## Mass and Energy Differentiation

Hello friends:

My Question:
A massive object cannot move at the speed of light. Photons can move at the speed of light because they are massless. However, since energy and mass are equivalent, due to Einstein's famous equation E^2=(m(c^2))^2+(pc)^2, mass is energy by a conversion factor. And photons are just quanta of electromagnetic radiation and are therefore energy as well. Since both a massive object and a photon contain some amount of energy, what differentiates the two which allows a photon to move at the speed of light and while a massive object cannot? Is it in regards to the Higgs field?

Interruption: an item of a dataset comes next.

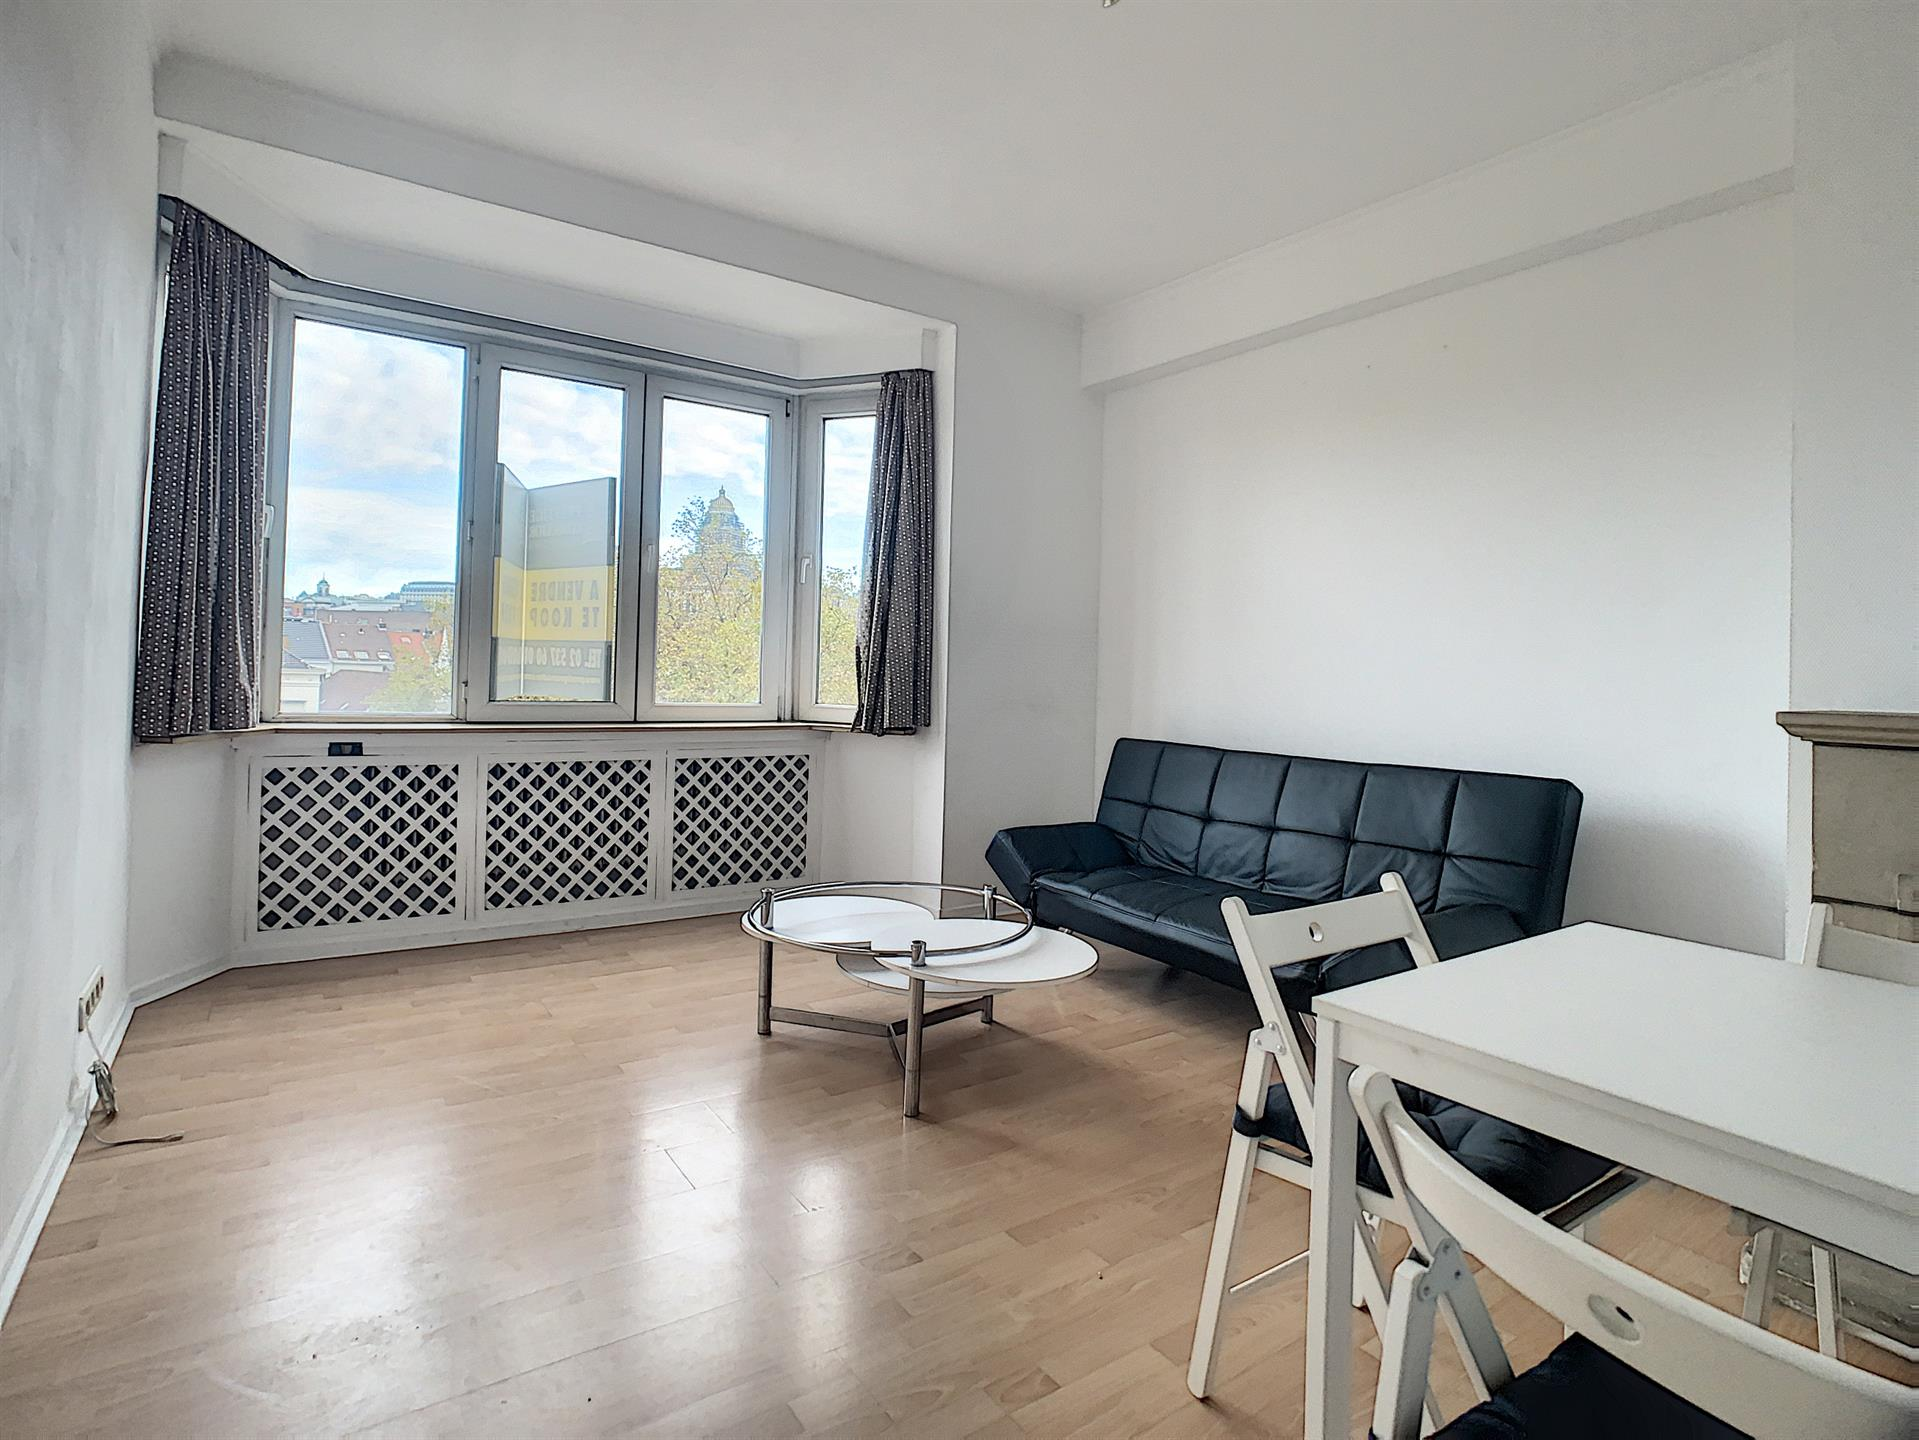 Appartement - Sint-Gillis - #4202152-1

 PhysOrg.com physics news on PhysOrg.com >> A quantum simulator for magnetic materials>> Atomic-scale investigations solve key puzzle of LED efficiency>> Error sought & found: State-of-the-art measurement technique optimised

Mentor
 Quote by conner.ubert mass is energy by a conversion factor.
I would not say "mass is energy". I would say that "mass has energy". But leaving that aside as a semantic quibble, the converse is not true in general. You cannot always say that "energy is mass." (I would rather say, you cannot always say that a particle's energy comes from its mass.)

In general, a particle's energy comes from both its mass and its motion.

For a massive particle in motion, its energy comes both from its mass and its motion, via Einstein's famous equation.

For a massive particle at rest, its energy comes from its mass alone. Take Einstein's equation and set p = 0.

For a massless particle (photon), the energy comes from its motion alone. Take Einstein's equation and set m = 0.

 Quote by jtbell You cannot always say that "energy is mass."
There was a time when you could. We used to painfully distinguish 'rest mass' from 'relativistic mass' carefully sprinkling m0 everywhere throughout the texts.
Nowadays mass (rest mass) is mass and that's it. A photon has zero mass by definition.